Jawaban Sariputta tidak dapat dimengerti secara tepat oleh para bhikkhu. Mereka berpikir,"Sariputta belum melenyapkan pandangan salah, sampai saat ini, ia belum memiliki keyakinan terhadap Sang Buddha."
Kemudian Sang Buddha menjelaskan kepada mereka makna sebenarnya dari jawaban Sariputta.
"Para bhikkhu, jawaban Sariputta dapat disederhanakan menjadi demikian: Ia menerima bahwa nibbana dapat dicapai dengan meditasi, tetapi ia menerima hal itu berdasarkan hasil pengalamannya sendiri, dan bukan karena saya telah mengatakan hal itu atau orang lain mengatakan hal itu. Sariputta yakin terhadap-Ku. Ia juga yakin terhadap akibat-akibat dari perbuatan baik dan jahat."
Kemudian Sang Buddha membabarkan syair 97 berikut :
Orang yang telah bebas dari ketahyulan, yang telah mengerti keadaan tak tercipta (nibbana), yang telah memutuskan semua ikatan (tumimbal lahir), yang telah mengakhiri kesempatan (baik dan jahat), yang telah menyingkirkan semua nafsu keinginan, maka sesungguhnya ia adalah orang yang paling mulia.
Syair 98 (VII:9. Kisah Samanera Revata)
Revata adalah saudara laki-laki termuda dari murid utama Sariputta.
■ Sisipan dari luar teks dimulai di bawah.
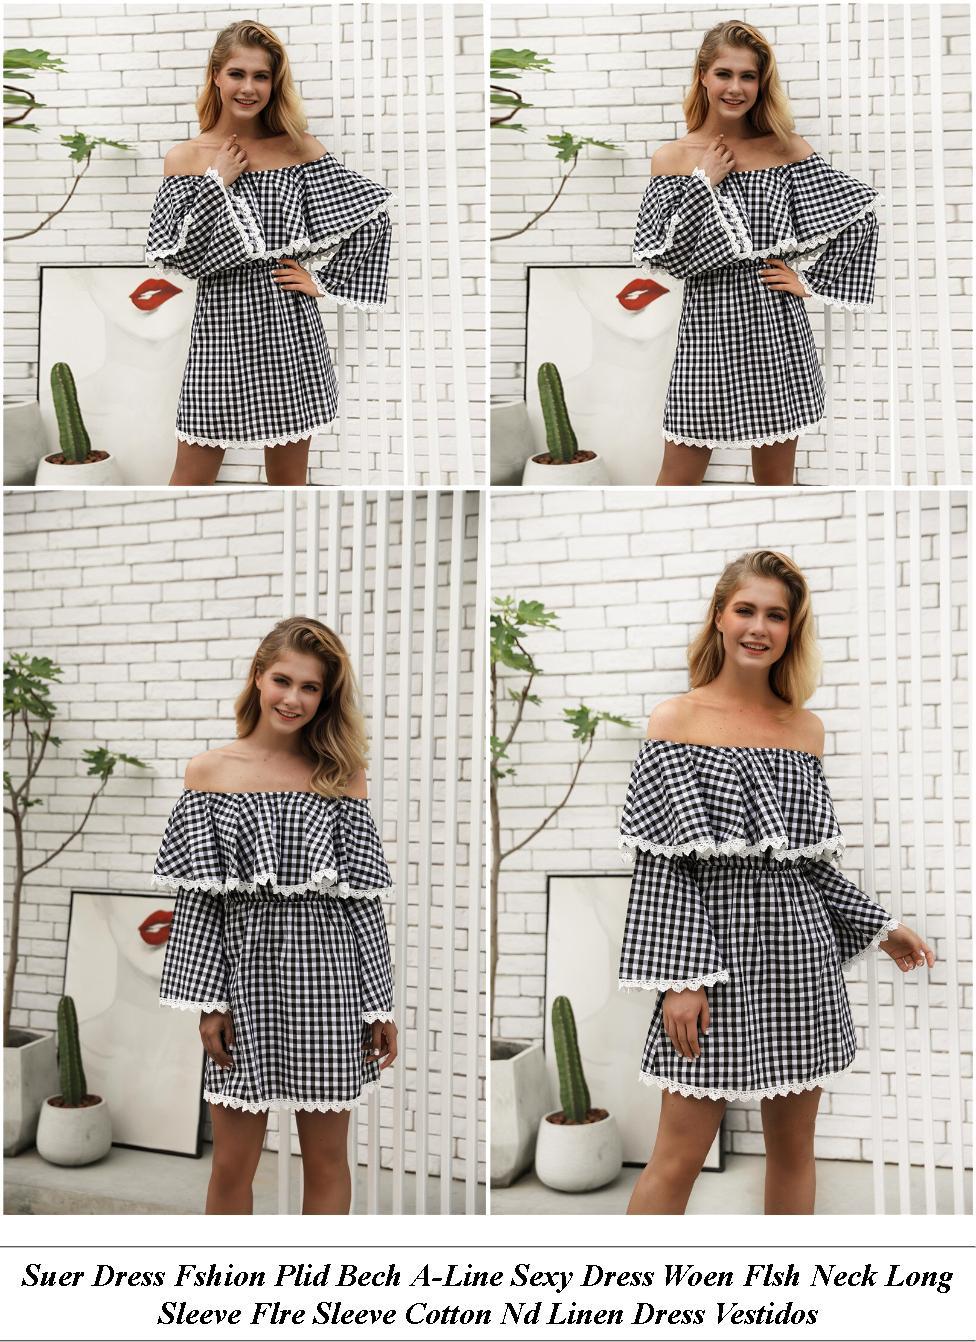 Plus Size Dresses - Womens Summer Clothes On Sale - Dress Sale - Cheap Name Brand Clothes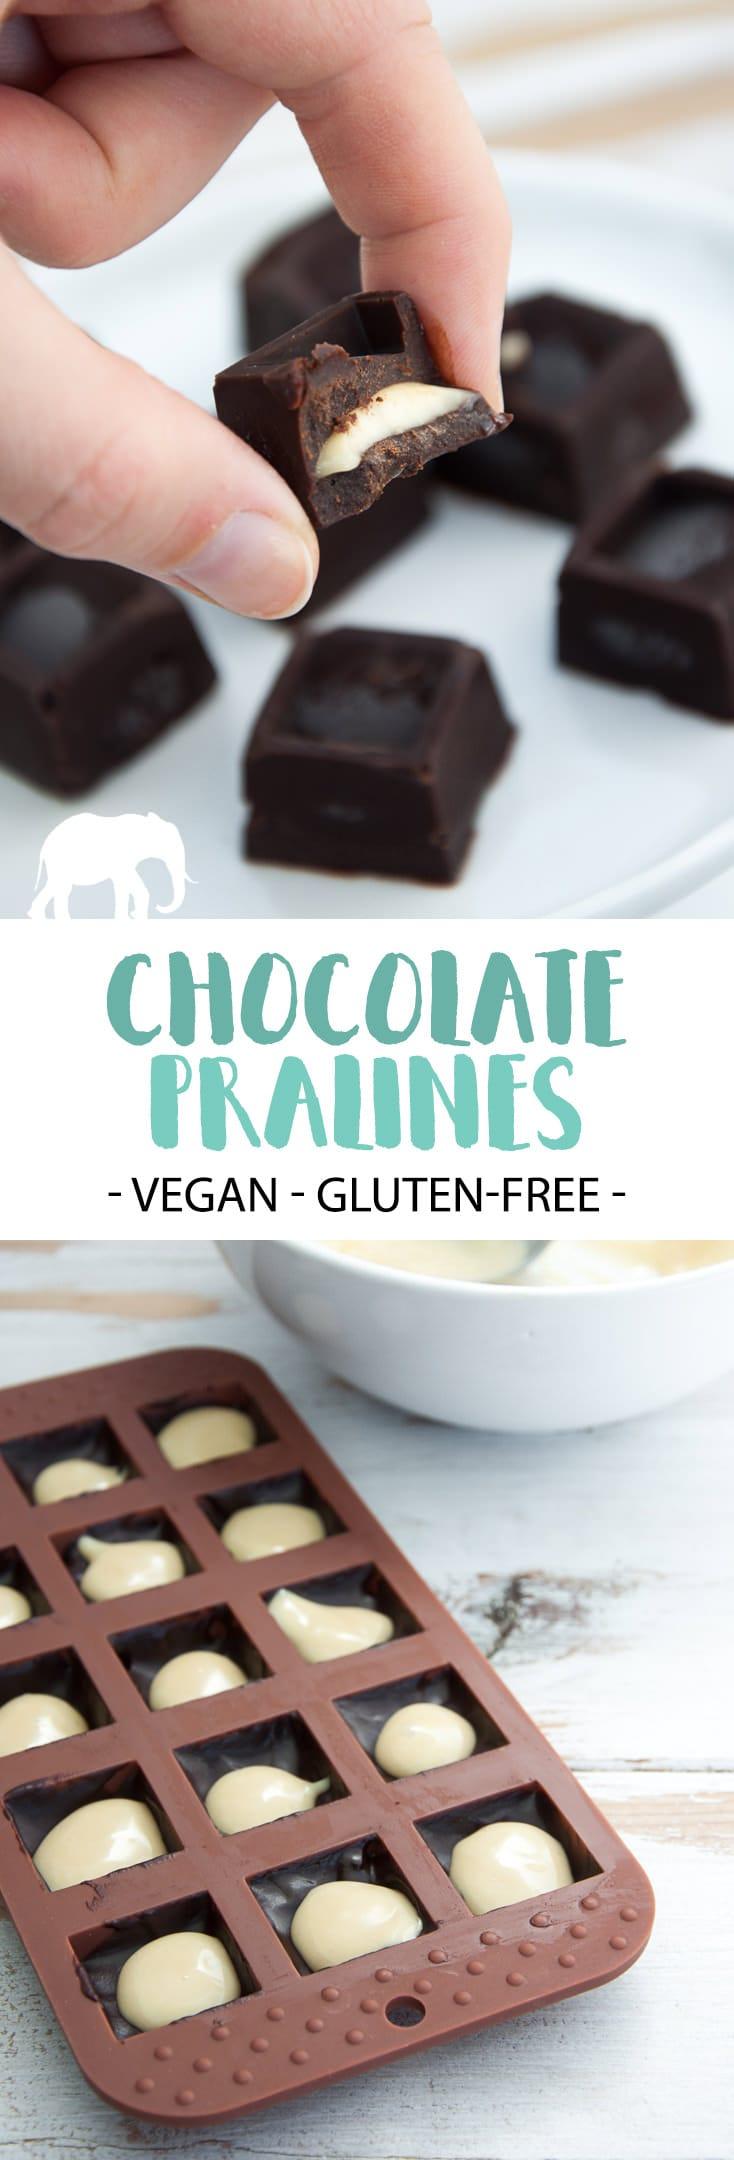 Vegan Chocolate Pralines

Ia satu-satunya saudara Sariputta yang tidak meninggalkan rumah tangga untuk menempuh kehidupan tanpa rumah. Ayahnya sangat menginginkan agar ia menikah. Revata baru berumur tujuh tahun ketika ayahnya mempersiapkan sebuah pernikahan baginya dengan seorang gadis kecil.
Pada jamuan pernikahan, ia bertemu dengan wanita tua yang berumur 120 tahun. Melihat wanita tua itu, Revata kecil merenung. Ia menyadari bahwa segala sesuatu merupakan subyek dari ketuaan dan kelapukan, sehingga ia berlari meninggalkan rumah dan pergi ke vihara. Di sana terdapat tiga puluh bhikkhu. Sebelumnya, bhikkhu-bhikkhu itu telah memohon kepada Sariputta Thera agar menjadikan saudara beliau menjadi seorang samanera, jika ia datang kepada mereka.
Kemudian Revata menjadi seorang samanera dan Sariputta Thera diberitahu hal itu oleh para bhikkhu.
Samanera Revata menerima sebuah obyek meditasi dari para bhikkhu dan pergi ke hutan akasia, tiga puluh yojana jauhnya dari vihara. Pada akhir masa vassa ia mencapai tingkat kesucian arahat.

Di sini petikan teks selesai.